PROBLEM TO SOLVE
When writing out the listing below, reproduce every word exactly and skip the pictures.

DATA PROVIDED

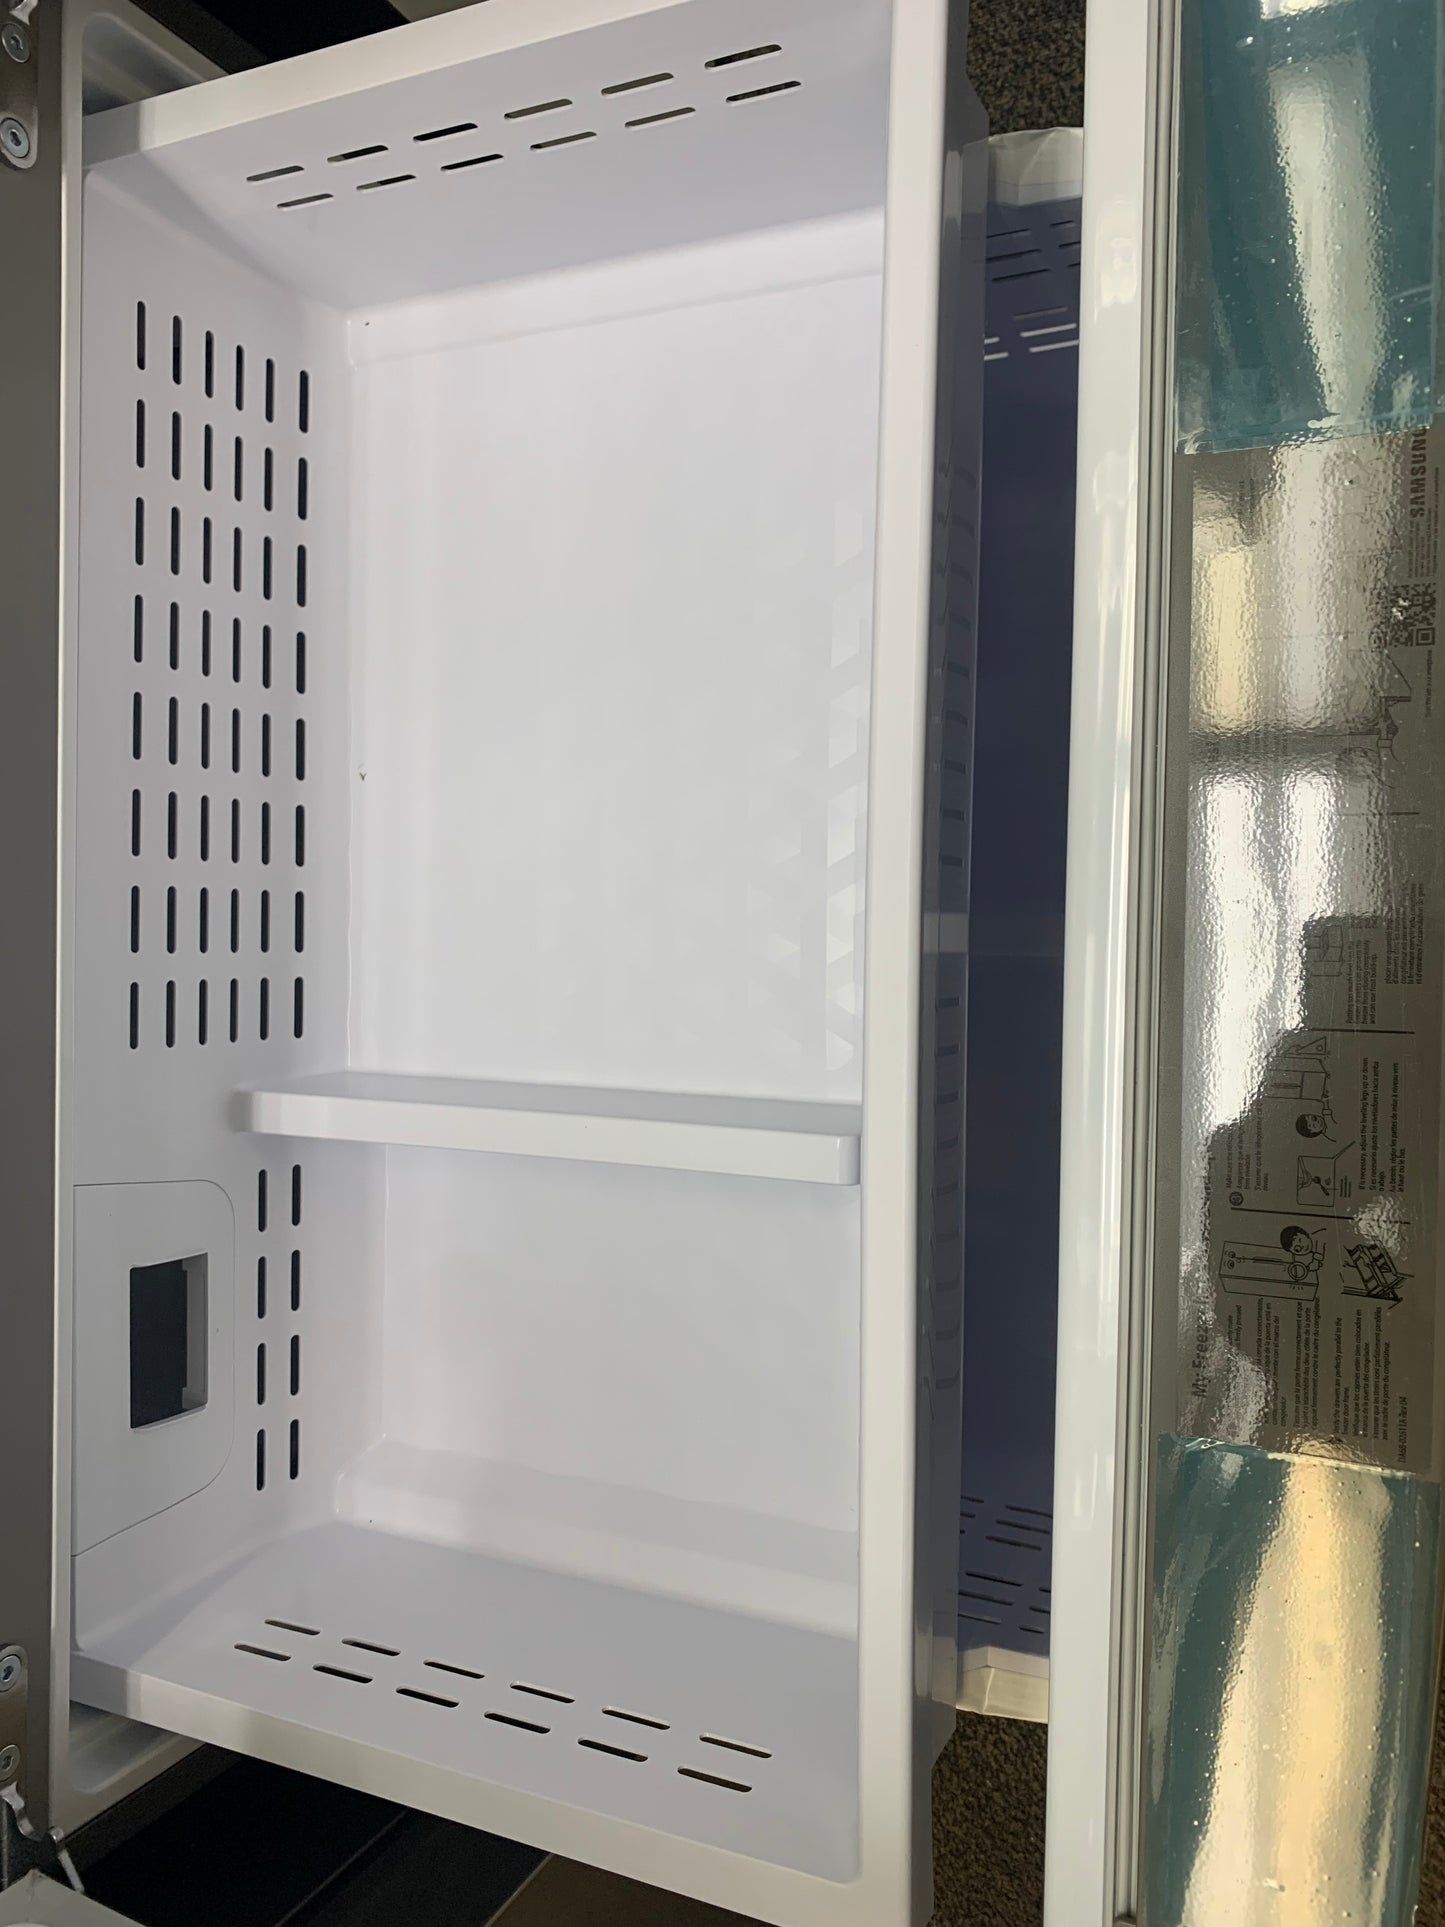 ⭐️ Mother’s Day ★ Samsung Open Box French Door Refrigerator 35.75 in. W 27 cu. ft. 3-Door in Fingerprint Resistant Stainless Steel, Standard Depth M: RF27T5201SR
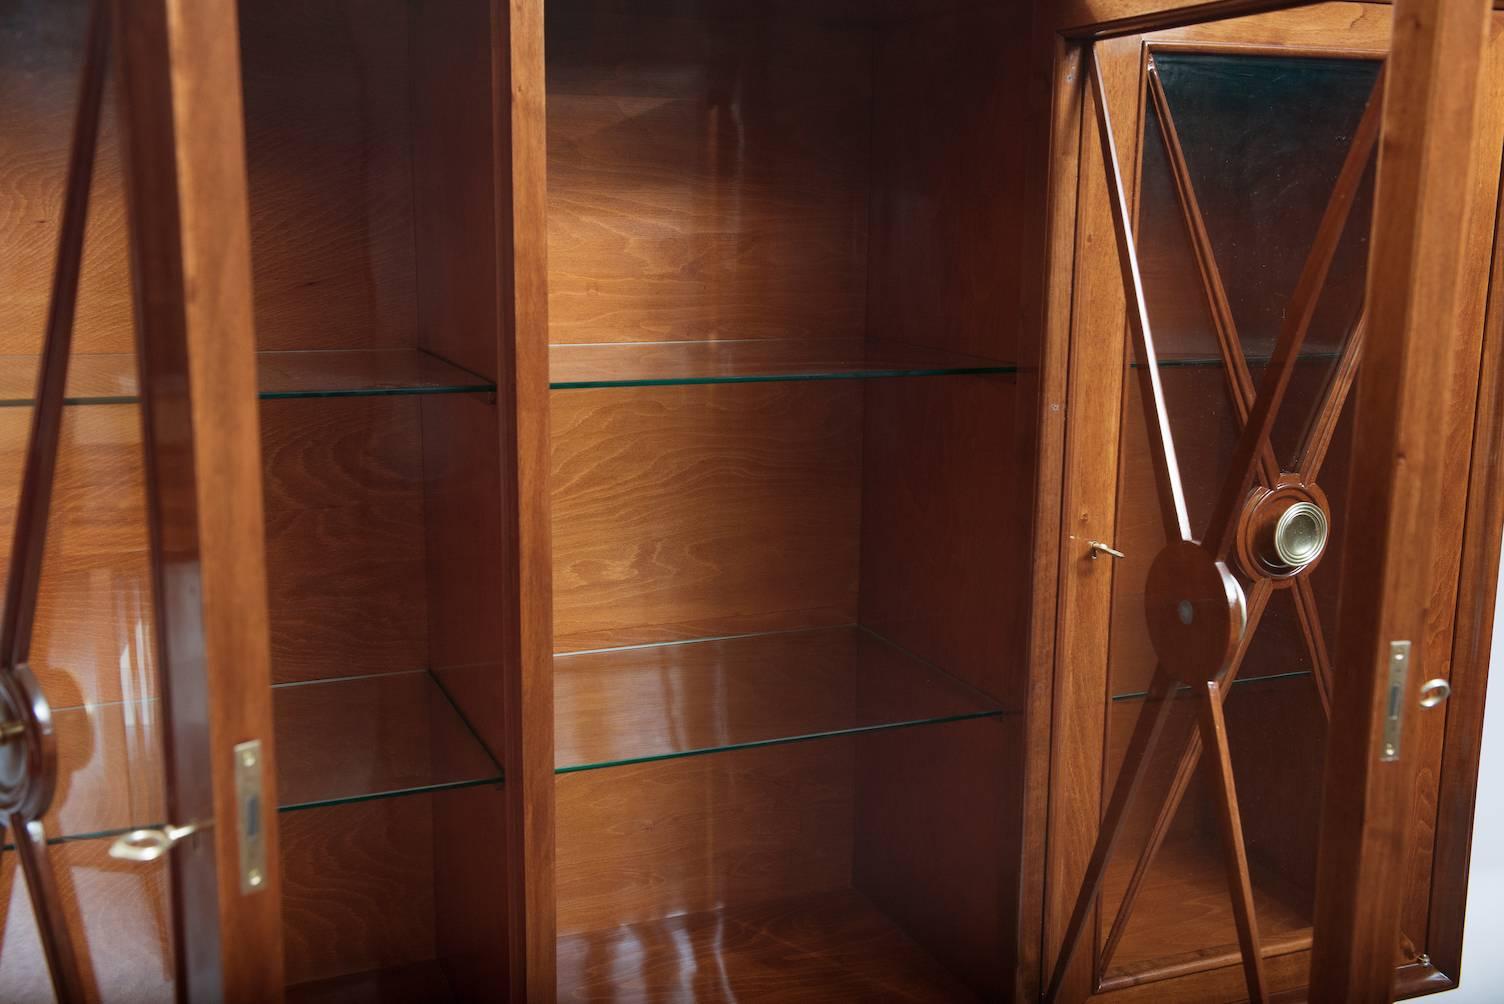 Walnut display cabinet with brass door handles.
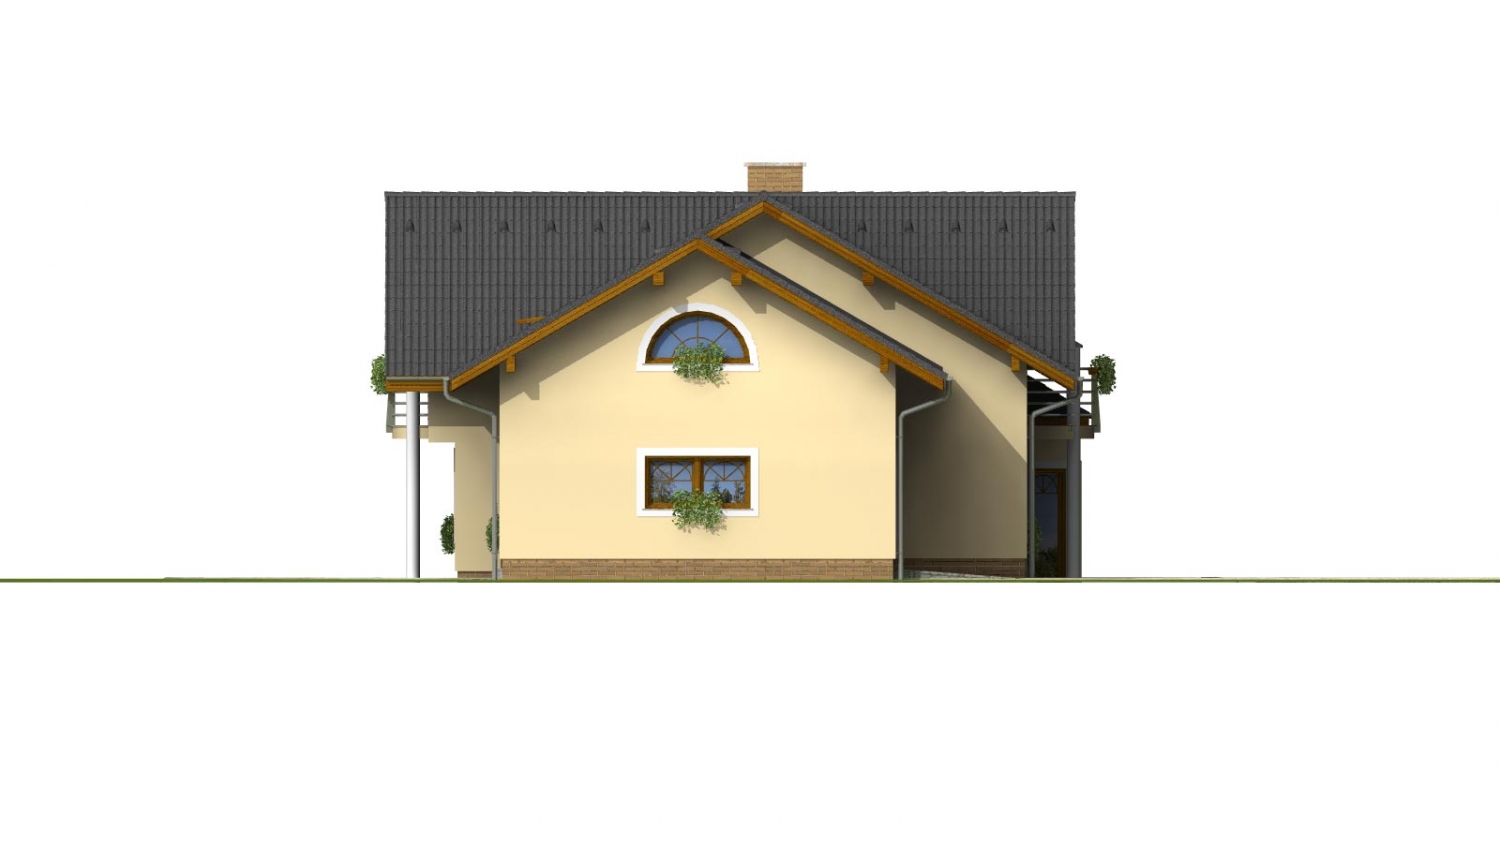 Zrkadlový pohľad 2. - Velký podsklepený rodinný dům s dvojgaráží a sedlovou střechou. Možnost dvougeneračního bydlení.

SOLUTION
 ⭐️ Mother’s Day ★ Samsung Open Box French Door Refrigerator 35.75 in. W 27 cu. ft. 3-Door in Fingerprint Resistant Stainless Steel, Standard Depth M: RF27T5201SR
 Walnut display cabinet with brass door handles.
 Zrkadlový pohľad 2. - Velký podsklepený rodinný dům s dvojgaráží a sedlovou střechou. Možnost dvougeneračního bydlení.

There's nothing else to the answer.